About the Book
In the narratives of the Indian and Western traditions, both the construction of the character and the configuration of an action have remarkably the idealized perspectives. In them the nature of action is very realistic, hence it commutes itself through its orientation in the cause and the effect. The dimension of this dichotomy acquires various meanings and internalizations. While in the Indian tradition, the action is almost reversible and foresees the growth of cumulative assortment of events, in the European narratives, the organization of an action is obtained in an event that is by and large irreversible in nature. To drive this point home, Pañcatantra, Hitopadeśa, Jātakakathāvalī, Kathāsaritsāgara, Baitāl Paccīsī and Siṁhāsana Battīsī from the Indian tradition, and Aesop’s Fables, The Canterbury Tales, Legends of King Arthur, The Decameron and The Pilgrim’s Progress from the Western side are well explored in this volume.
The pursuit of meaning in Indian and European earliest narratives is to convey the action by certain instruments of transformation of which conjunction, injunction, conception and inception are the most important. The book makes a serious discussion about resolution and convergence between Pañcatantra and The Canterbury Tales, and Jātakakathāvalī and The Pilgrim’s Progress, offering certain conceptual structures, which would determine the propriety of a new theoretical effort.

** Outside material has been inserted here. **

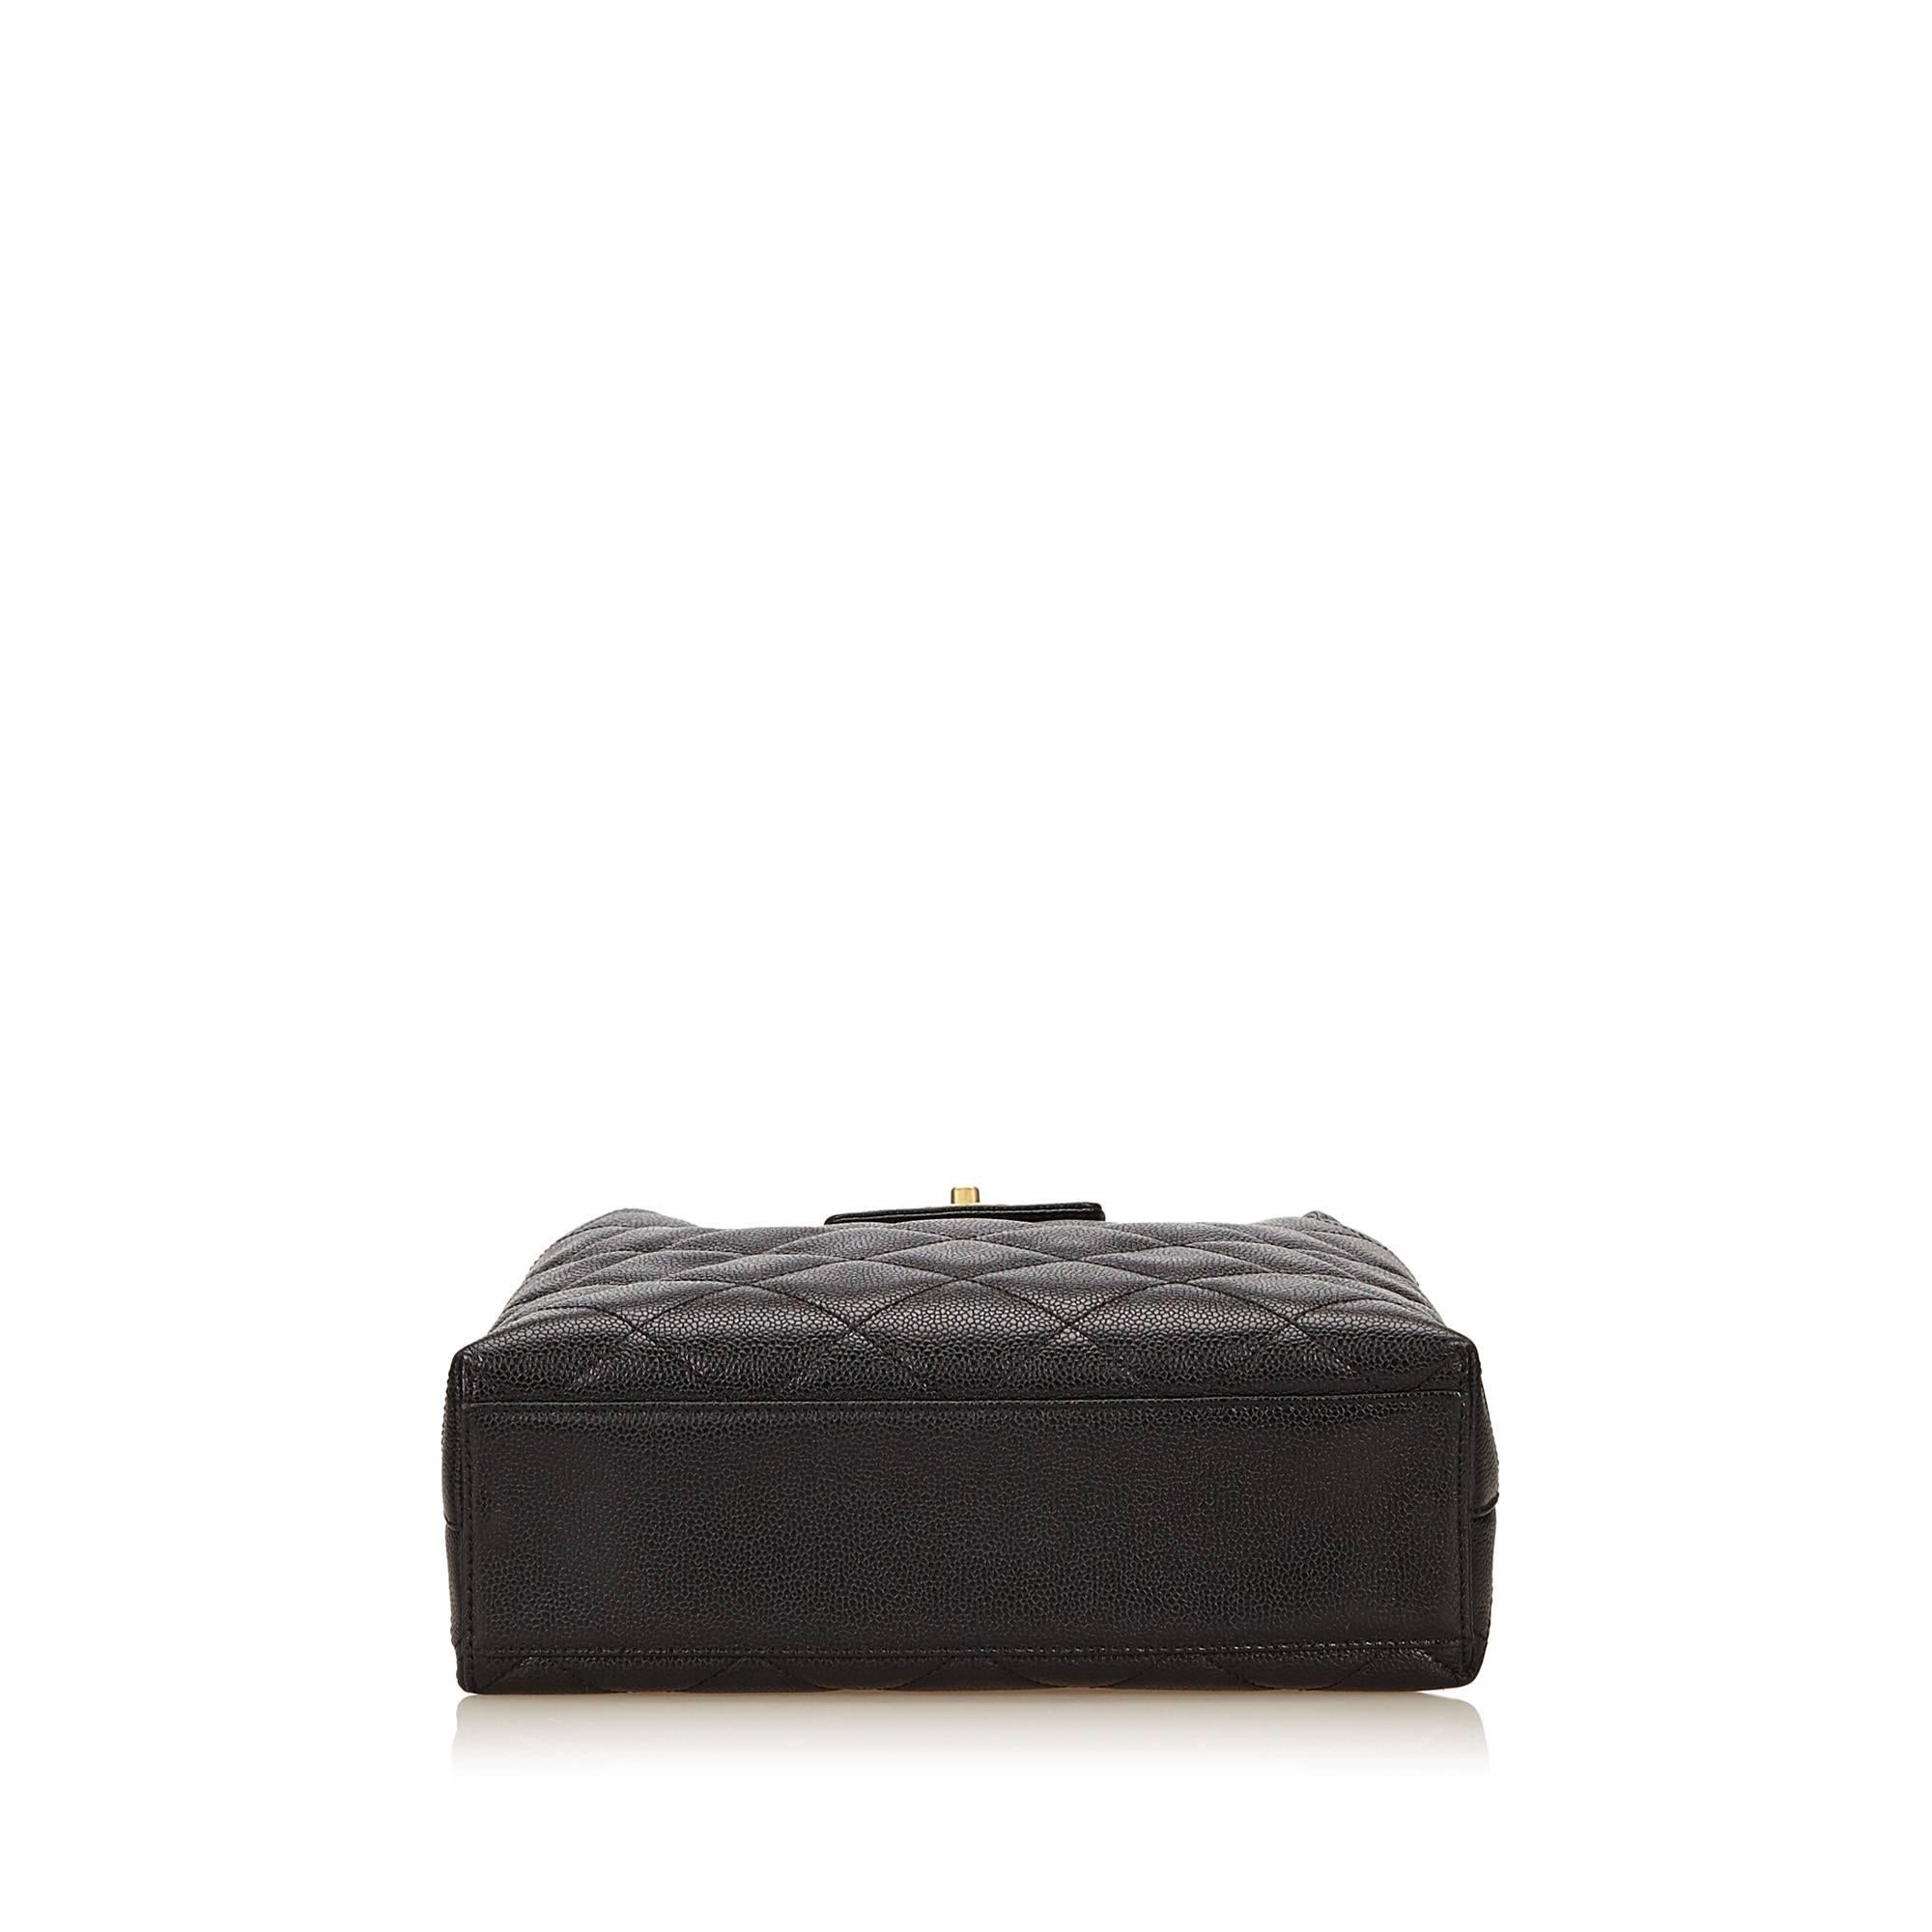 Chanel Black Matelasse Quilted Caviar Leather Shoulder Bag 1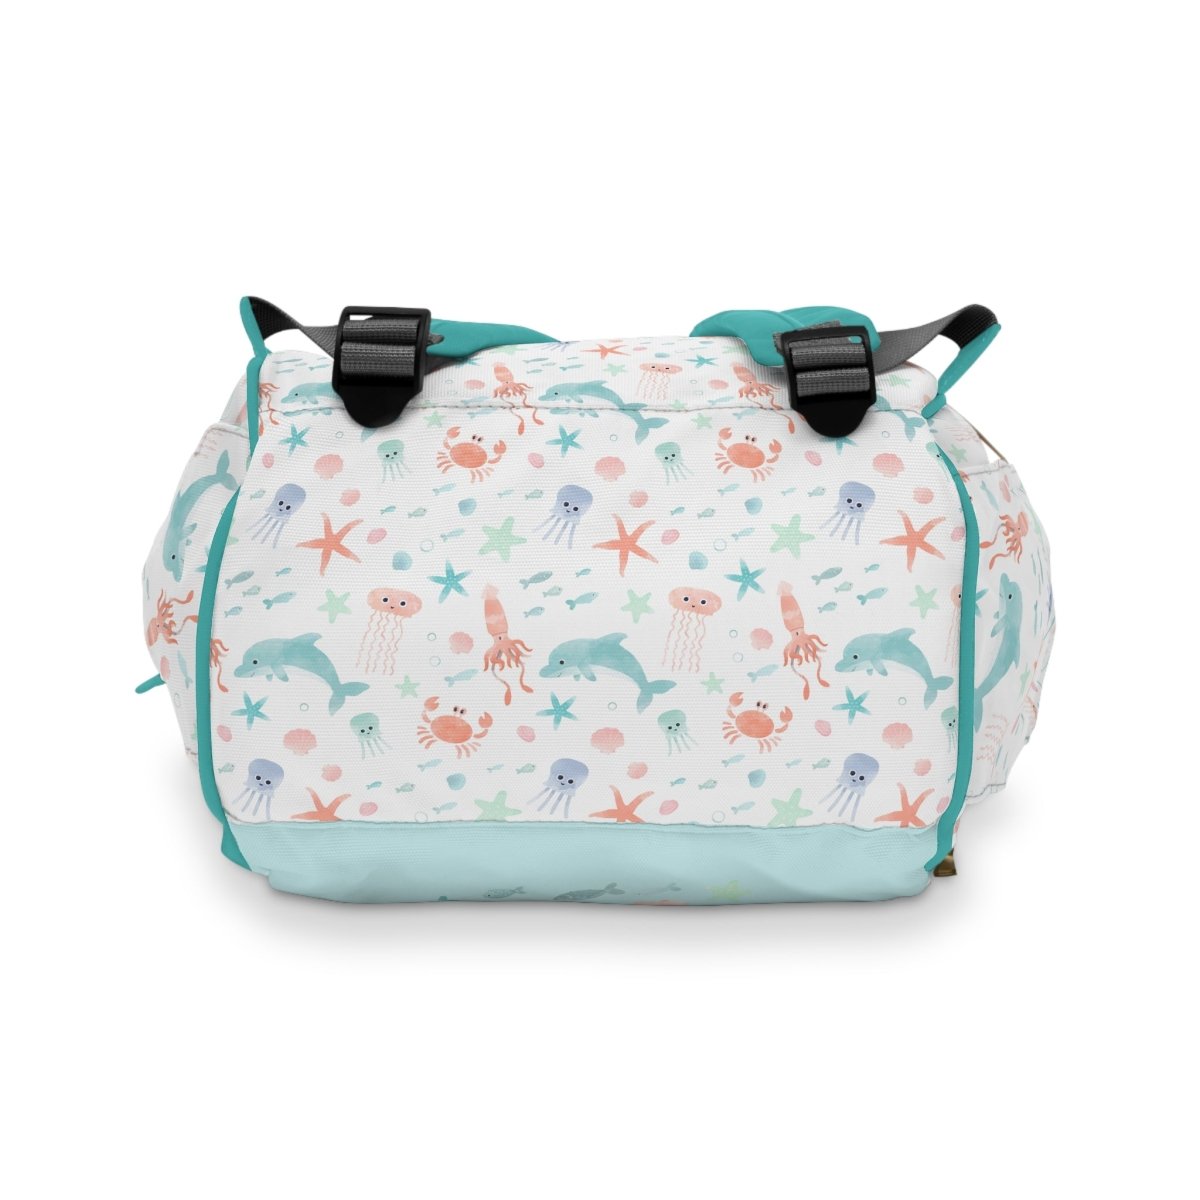 Under the Sea Personalized Backpack Diaper Bag - gender_boy, gender_girl, gender_neutral

This book therefore proposes to lay a foundation for construction of a theory of meaning in relation to the action that is obtained in the progress of earliest narratives at large.
About the Author
Bhavatosh Indraguru received his PhD from the Jawaharlal Nehru University, New Delhi. He specialises in Comparative Poetics, Comparative Linguistics and Comparative Literature. He has taught at Universities at Itanagar, in Arunachal Pradesh and Bilaspur in Chhattisgarh. Presently he is teaching at the Department of English and Other European Languages, University of Saugar, Sagar in Madhya Pradesh.